While Flash has long been criticised as something of a security risk, a large portion of that risk normally tends to be associated with the manner in which users are expected to keep a Flash player up to date in their own browsers. In that respect, if in no other, the emergence of a Flash exploit that could well prove to be entirely unpatchable is very worrying indeed. Moreover, the list of potentially exploitable sites includes names as big as Gmail, Flikr and YouTube.
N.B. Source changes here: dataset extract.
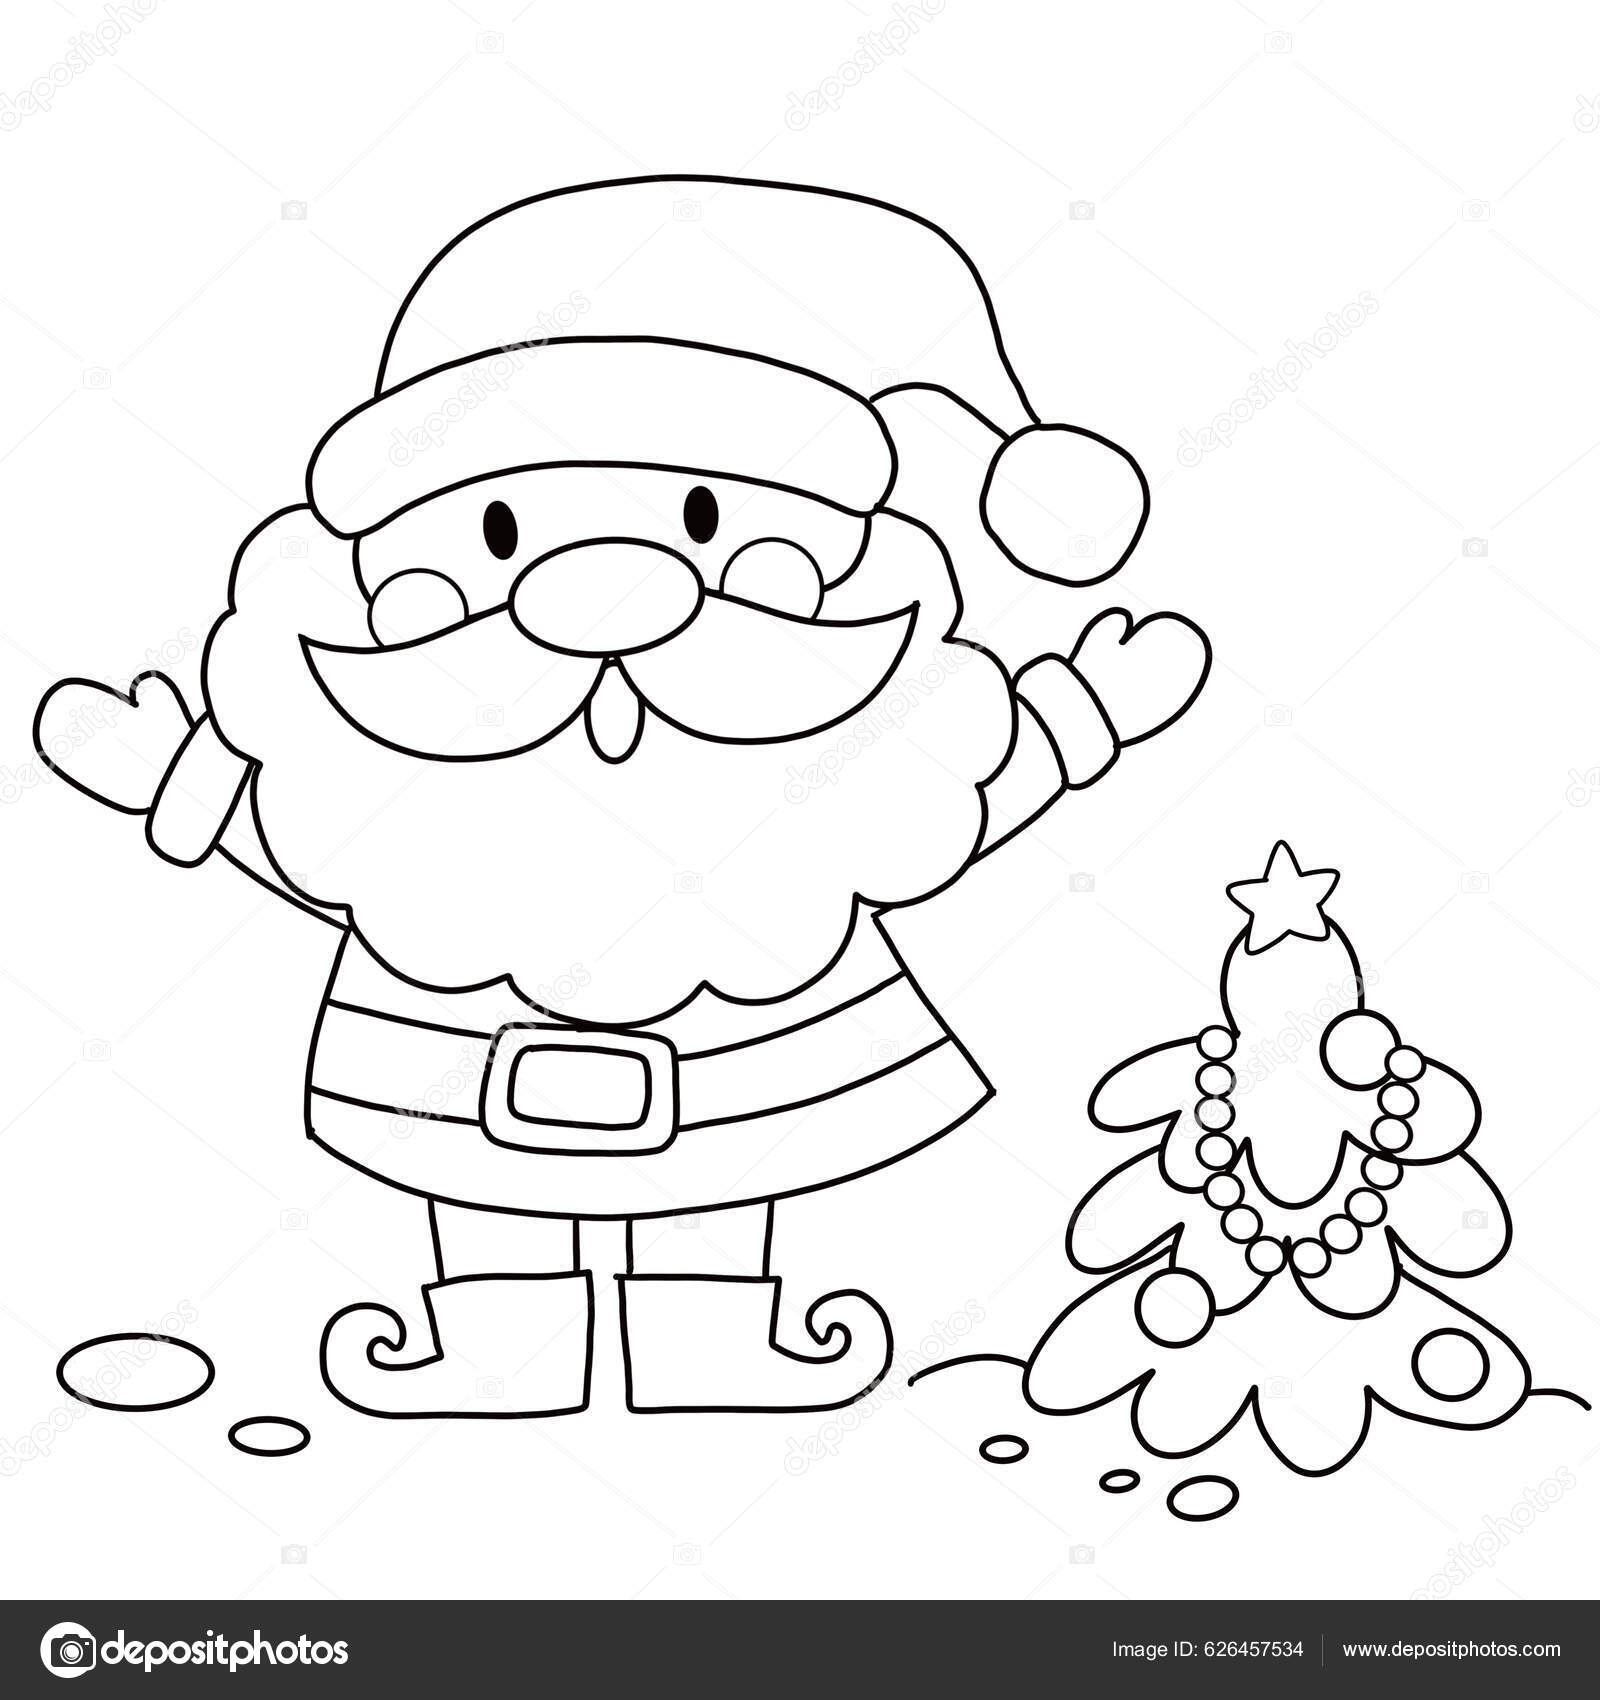 Merry christmas christmas santa claus isolated coloring page kids stock vector by george

What is perhaps most interesting is that the word that the latest vulnerability is unpatchable comes from Adobe, who we would imagine might be doing as much as possible to minimise the fallout from this kind of news. Apparently, Adobe contacted Mike Bailey, a security researcher at Foreground Security, to inform him that the exploit was something for which there is “no easy solution,” to which Bailey responds, “I don’t see a fix coming from them anytime soon.” News media at large is now calling the exploit “unpatchable.”

For now though, it seems as though Adobe may well be the only one not having too much success with this latest exploit, considering the fact that Microsoft’s Hotmail and YouTube have apparently already taken care of the issue on their ends.

If you’d like to read more about how the whole exploit works then you should check out Mike Bailey’s post about it over at Foreground Security. It makes for some very interesting, if a little complicated, reading. We’ll be curious to see if and when other services start rolling out fixes, but it’s encouraging to see Hotmail and YouTube locked down so quickly.